Looks we can run the build via AppVeyor when it's on CRAN (see ARROW-3204).
We should remove the workarounds that I used to avoid CRAN check (see [SPARK-25981][R] Enables Arrow optimization from R DataFrame to Spark DataFrame #22954 (comment) and [SPARK-25981][R] Enables Arrow optimization from R DataFrame to Spark DataFrame #22954 (comment))

Next items (im going to investigate first before filing JIRAs):

Im gonna take a look if we can do this Spark DataFrame -> R DataFrame too
Also, I'm going to take a look for R native function APIs like lapply and gapply and see if we can optimize this
Before Spark 3.0 release, I will document this.

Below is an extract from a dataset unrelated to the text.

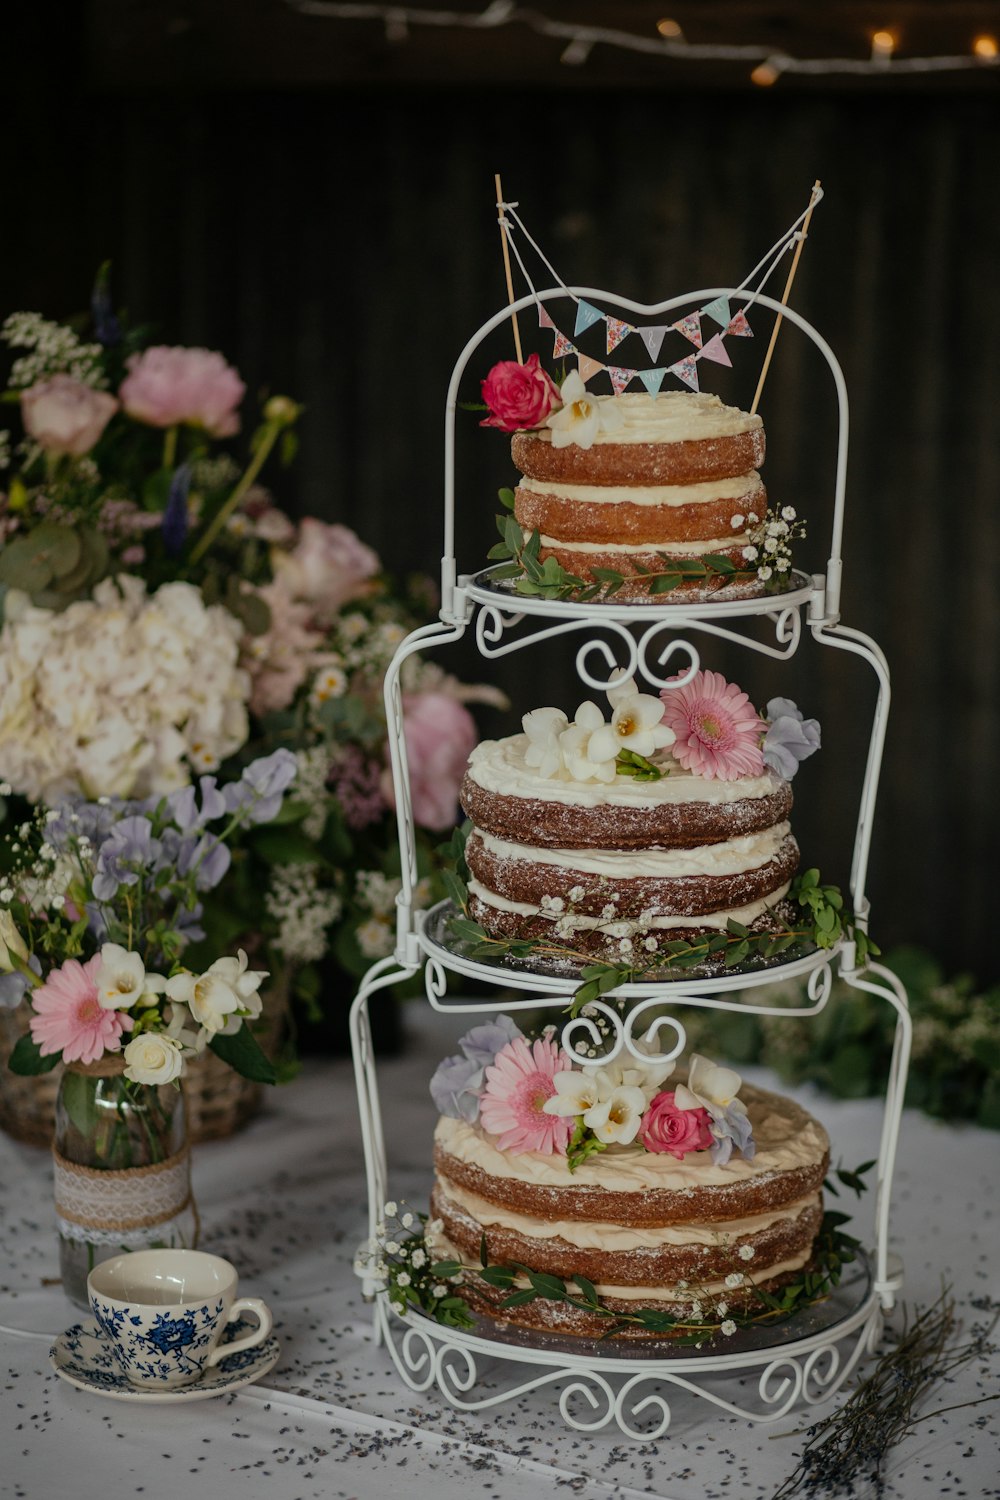 three cakes on white wire cake rack photo – Free Cake Image on Unsplash

Hopefully, we can get rid of both workaround I mentioned above and Arrow is on CRAN before this.

SparkQA · 2019-01-24T14:52:28Z

Test build #101633 has finished for PR 22954 at commit 66b120b.

This patch fails Spark unit tests.
This patch merges cleanly.
This patch adds no public classes.

SparkQA · 2019-01-24T14:57:46Z

Test build #101630 has finished for PR 22954 at commit 92eec4e.

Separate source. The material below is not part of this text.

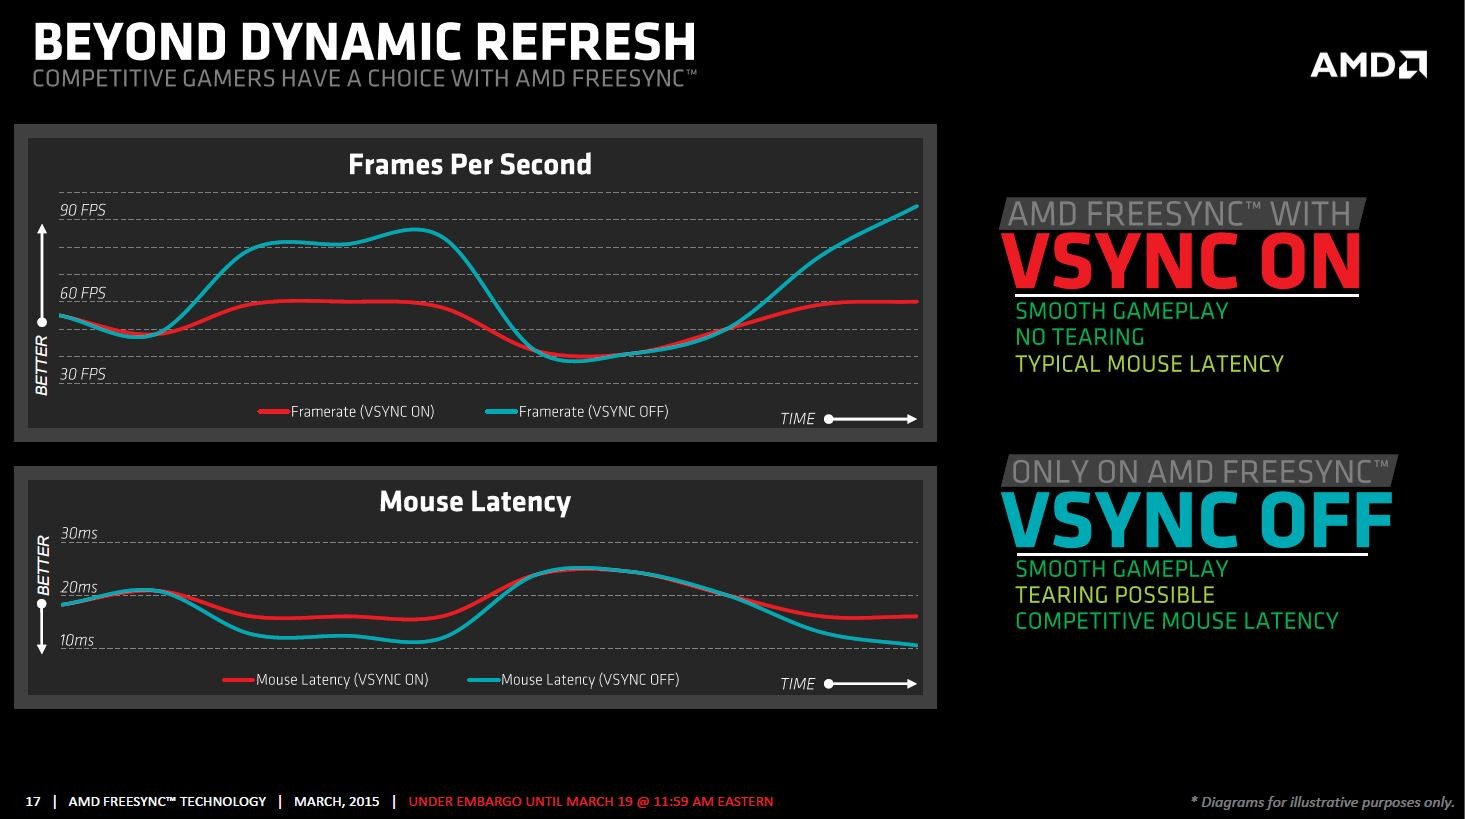 Immagine pubblicata in relazione al seguente contenuto: LG lancia i monitor 29UM67 e 34UM67 che supportano AMD FreeSync | Nome immagine: news22353_AMD-FreeSync-Slide_23.jpg

This patch fails Spark unit tests.
This patch merges cleanly.
This patch adds no public classes.

SparkQA · 2019-01-24T18:13:57Z

Test build #101632 has finished for PR 22954 at commit 854c9d8.

This patch passes all tests.
This patch merges cleanly.
This patch adds no public classes.

HyukjinKwon · 2019-01-25T02:04:51Z

@felixcheung and @shivaram, are you okay with this plan #22954 (comment) ? If so, I think we can go ahead.

felixcheung · 2019-01-25T16:53:23Z

Yes, install_github is fine. I’d say #2 gapply etc is higher priority. Sounds good to me.

HyukjinKwon · 2019-01-26T10:01:36Z

Yea will do. Do you mind if we go ahead with this PR @felixcheung?

felixcheung · 2019-01-26T18:31:23Z

Sure.

HyukjinKwon · 2019-01-27T02:44:44Z

Thanks. @felixcheung.

Merged to master.

HyukjinKwon · 2019-02-13T03:24:57Z

BTW, https://issues.apache.org/jira/browse/SPARK-26759 has subtasks for Arrow optimization (just FYI if anyone missed it)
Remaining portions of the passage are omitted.